Добавить в цитаты Настройки чтения

Страница 19 из 26



– Да-ха-у… Записал… А что это такое?

– Шифр тюрьмы. Теперь следующей строчкой: «Берии Л.П.».

– Знакомая фамилия. Я ее уже где-то слышал. Че дальше?

– От такого-то такого-то. Затем посередине листа большими буквами «Заявление». Готово?

– Ага. – Леша беззвучно шевелил губами, про себя проговаривая каждую прописываемую букву.

– Дальше с красной строки: «Уважаемый гражданин комендант, Лаврентий Палыч!
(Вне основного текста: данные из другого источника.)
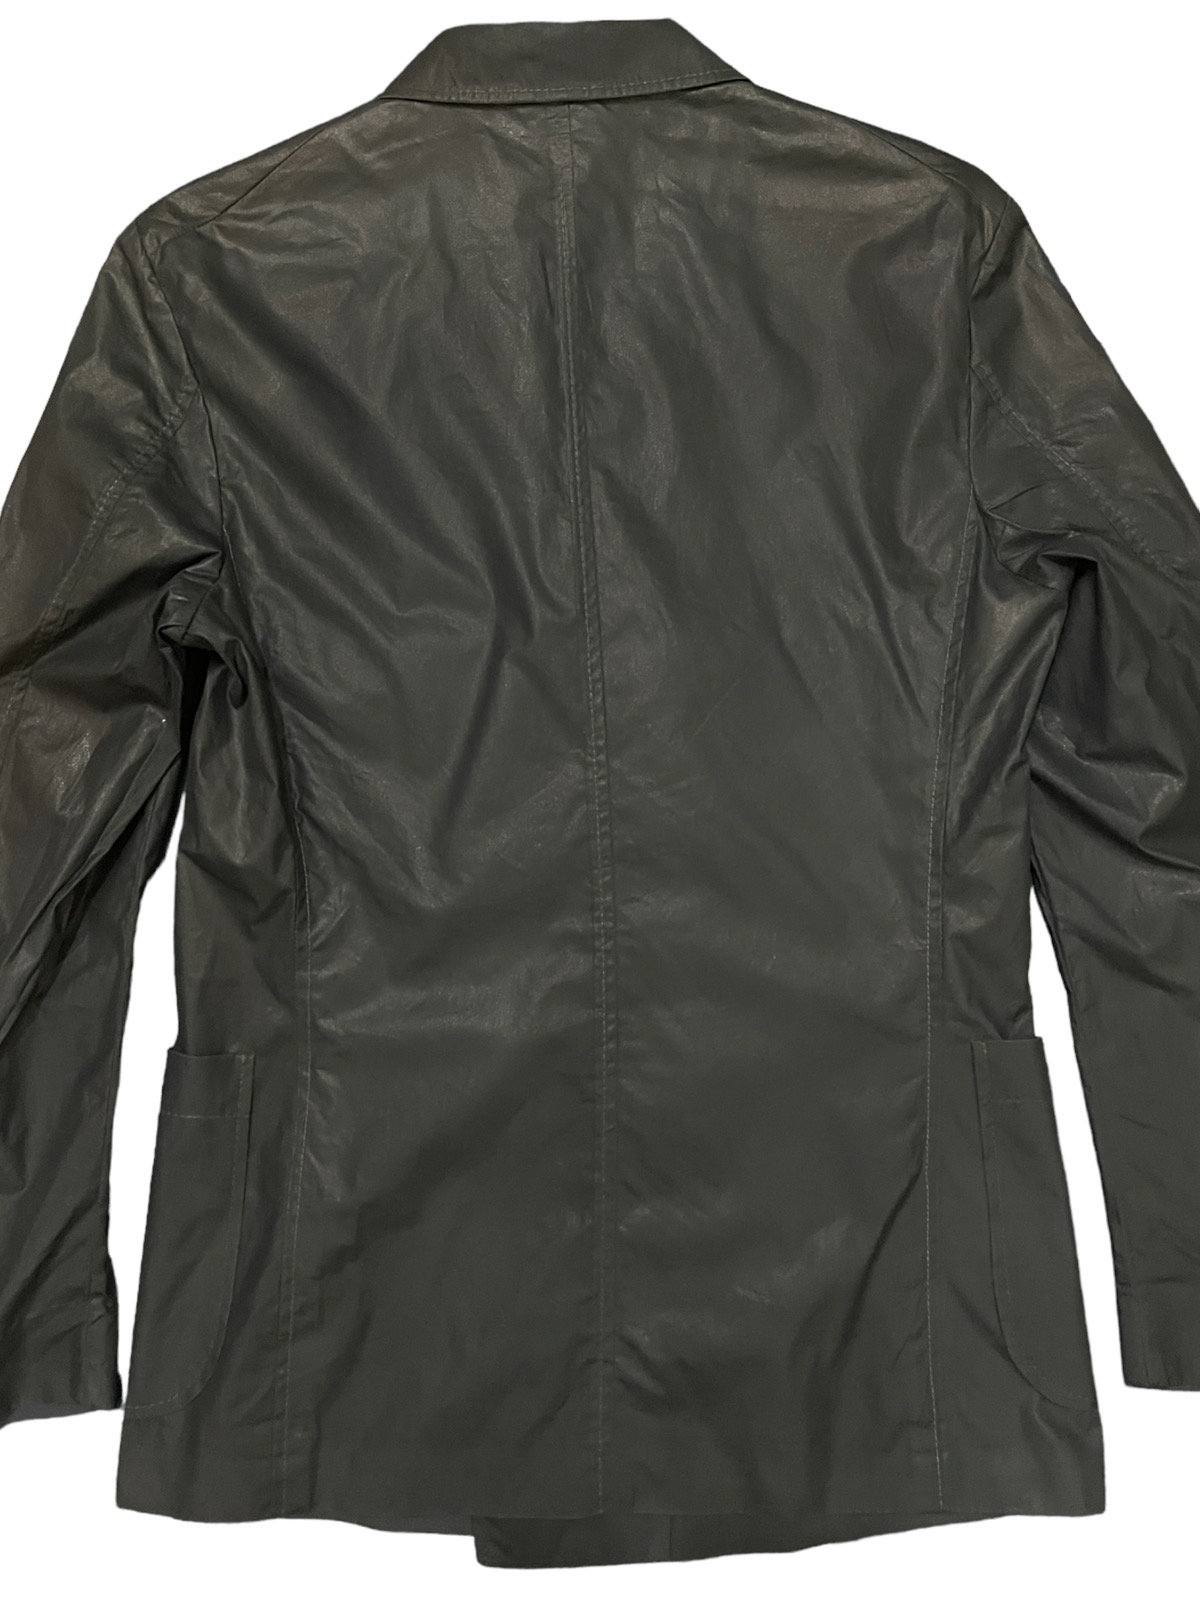 Z Zegna button blazer jacket rayon jacket - 4

Прошу завтракать меня манной и рисовой кашами в связи с энурезом, сотрудничеством со следствием и активной жизненной позицией. Число, подпись».

– Не торопись, я не успеваю. А последнюю фразу зачем писать?

– Как это зачем?! Чтобы обозначить, что ты встал на путь исправления, что не в отрицалове…

– Слава, а что такое инарез?

– Э-ну-рез – это общее физическое истощение, обусловленное длительным пребыванием в заключении. Ты же длительно пребываешь?

– Длительно.

– Значит, пиши. Написал? Молодец, утром отдашь на проверке.

– А вас кормят кашей? – довольный выполненной работой спросил Заздравнов.

– Кто же нас будет манкой кормить, мы ж на 51-й! Исключительно сечка! Столько сечки съели, что стыдно лошади в глаза смотреть.

– Ну, если че, я могу поделиться своей порцухой, – благородно предложил Леха.

– Не стоит, ты начнешь делиться с нами, мы начнем делиться с тобой, и что получится?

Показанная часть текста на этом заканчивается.